The data was from a mix of different websites, all with a different structure (and different headings for ‘experience’ etc.), so I treated each page as unstructured text (e.g. I ignored labels and punctuation and treated each page as a huge collection of words).   I started by building a histogram of the words used: a list of the top 30 words I found across all the documents, with how many times each one appeared.  This list contained a lot of stopwords – common words that don’t add anything useful to the histogram, like “and”, “the”, “of”, “to” and “in”, that I then removed from the list, to give a list of terms that might be useful to Dan.

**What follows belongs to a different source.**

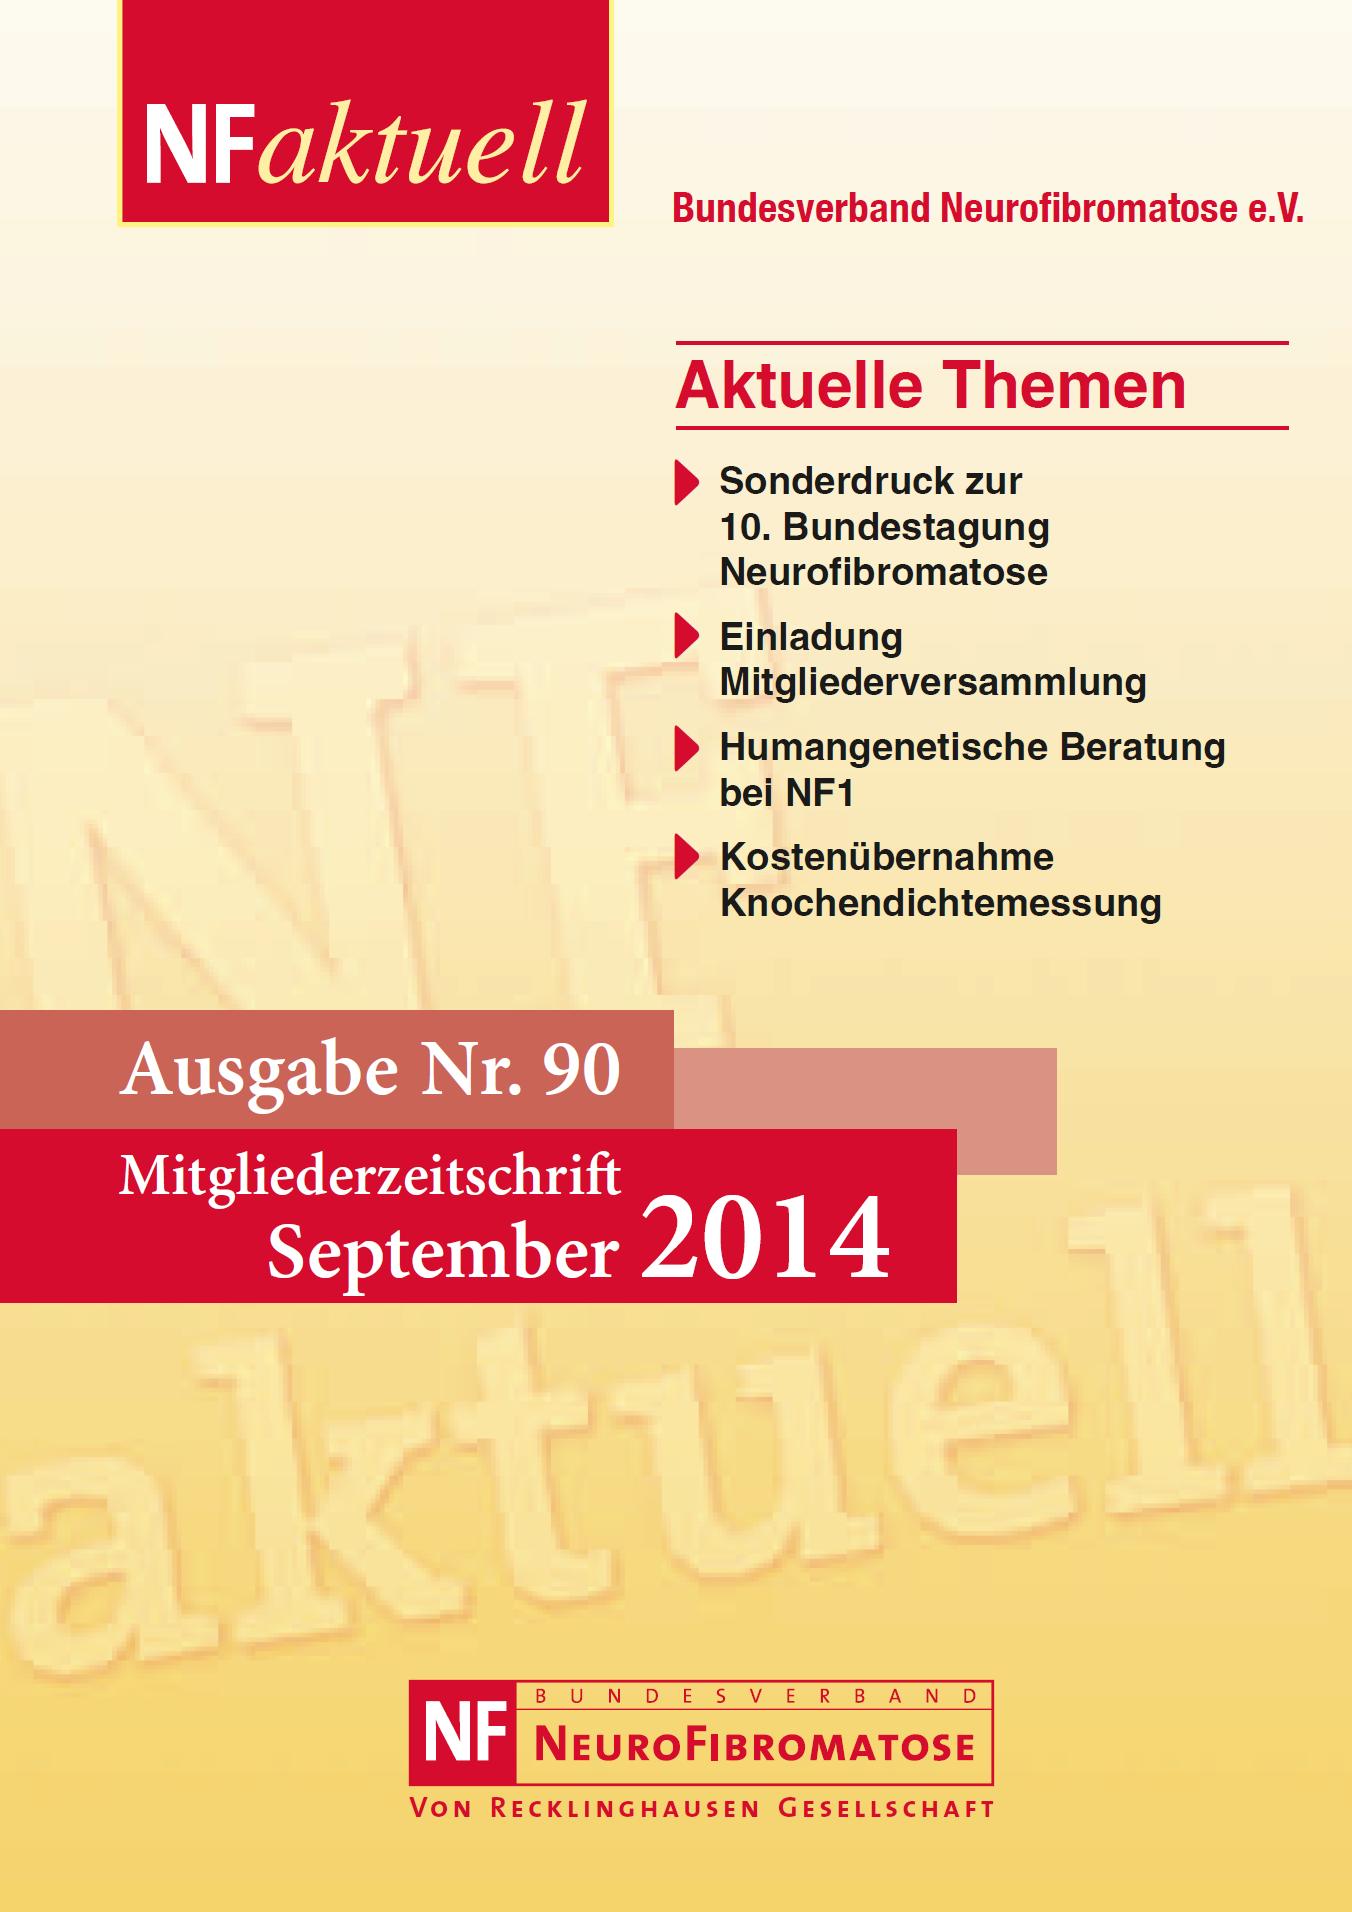 NFaktuell-90-september-2014-titel

Removing stopwords is a common thing in text processing – normally I’d use a standard list of stopwords (e.g. Porter) for this, but I didn’t want to miss any industry-specific terms that might be on those lists, so I built my own stopword list.  For development data, you’ll probably do this a lot too, e.g. “crisis” isn’t a really useful term to find when you’re working on crisis information.  So I built a histogram (minus stopwords): the top 10 words in it were:  estate (26), real (26), development (12), design (11), manage (11), planning (11), sales (11), investment (10), senior (8), portfolio (8).

I showed this to Dan and he said “great – but what about pairs of words”. .. something that might have been triggered by the top 2 words on that list (“real” and “estate”).  So I modified the code to produce a histogram of adjacent words, and got: real estate (26), new york (5), trade marketing (4), job description (4), estate portfolio (4), senior strategist (4), city area (3), estate investment (3), funding approvals (3), area job (3).

I could have continued this – looking for chains of words, e.g. “real estate” linked to “estate portfolio” etc., and linked it to a jobsite scraper to automatically alert Dan to jobs that were similar to his “interesting” ones (you’ve probably worked out by now that he’s a real estate architectural designer), but the lists enough were enough for him: he got search terms that he hadn’t thought of, and is happily sifting through sites with them.  Which is another lesson to learn: sometimes a seemingly simple thing will have enough of an effect to make a user happy, without needing complex analysis.  Unless you’re playing with a dataset out of curiosity, that’s often a good place to stop.